ACSA believes in broad terms that the legislation is a step in the right direction as it assists the sector in moving to a more market-driven approach in the medium term. This relates to the freeing up of the charging and pricing models for aged care given the increasing demand on resources.
He points out that 1,000 people reach the age of 65 every week and the current model made it hard to innovate because of the heavy regulation.
ACSA however does not support the industrial regulations surrounding the Workforce Supplement, Add a titlewhere government assists in funding increases in wages but only if its wage guidelines are agreed to and followed. While supporting responsible wage improvement ACSA believes each employer should be free to negotiate with its workforce, allowing flexibility.
ACSA is also concerned about the significant number of small care facilities operated by community groups – which John estimates at 65% of the 2800 care facilities across Australia.

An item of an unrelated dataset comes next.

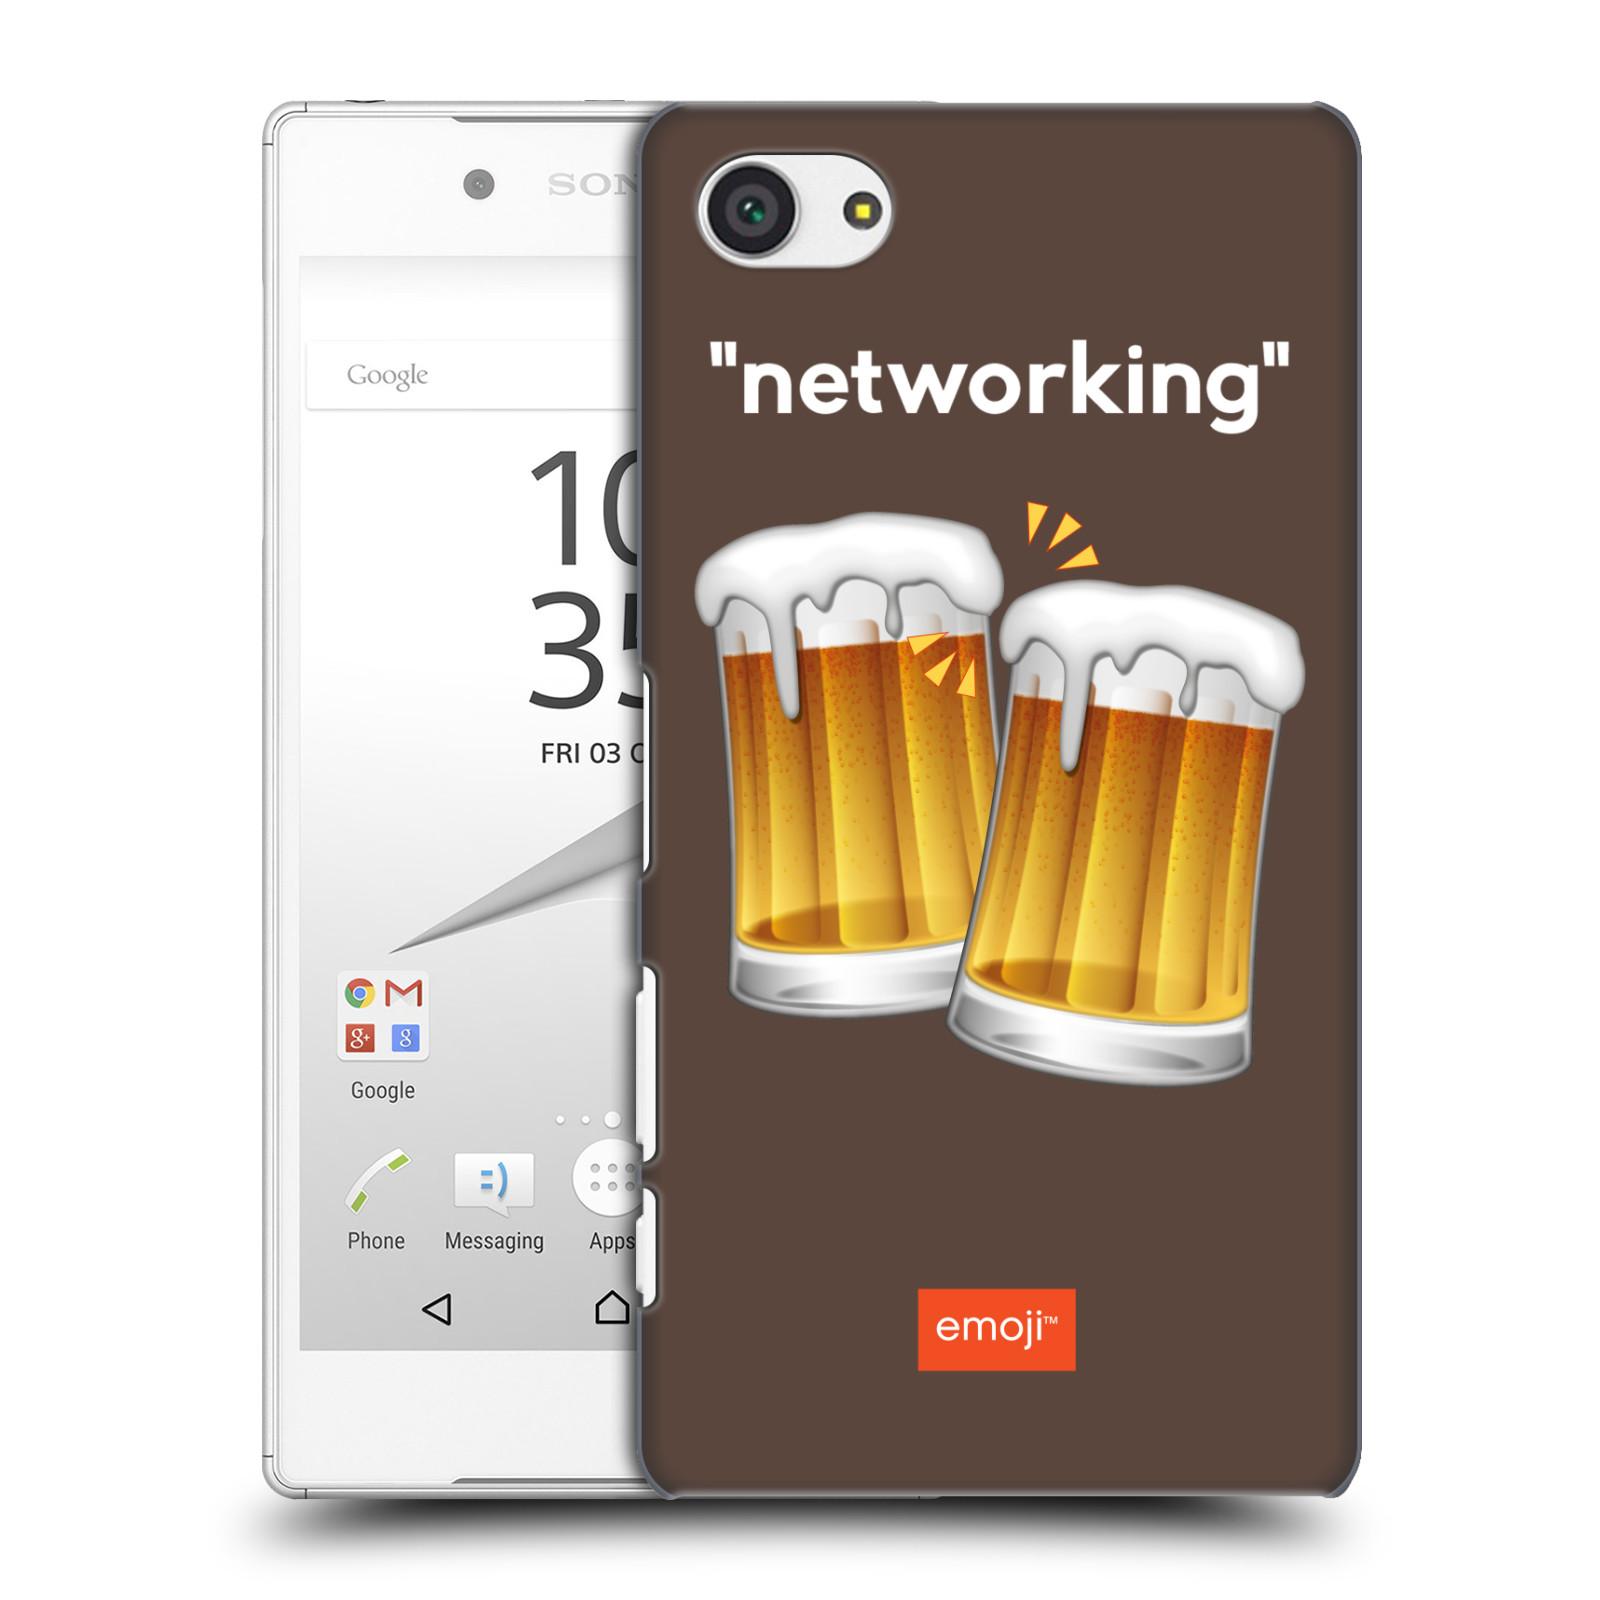 Plastové pouzdro na mobil Sony Xperia Z5 Compact HEAD CASE EMOJI - Pivní networking

Many of them are marginal businesses which the Productivity Commission and the Senate enquiry both supported, providing funding such short-term loans to assist them to transition to the more market-driven model – but this was not supported by the government.
Instead it was agreed to monitor their financial health and review in five years time.
ACSA feels this could be too long because these facilities will be required to make capital expenditure decisions in that period; if the process is not working it needs to be fixed before five years. ACSA requested a maximum of a three year review. Senator Xenophon proposed 18 months.
The government response was to provide $6.9 million for a business advisory service over three years, but this also has to pay for the government monitoring body ACFA which will absorb half that in overheads.
ACSA however was pleased with the new Homeless Supplement, which provides an added safety net for the most needy in the community.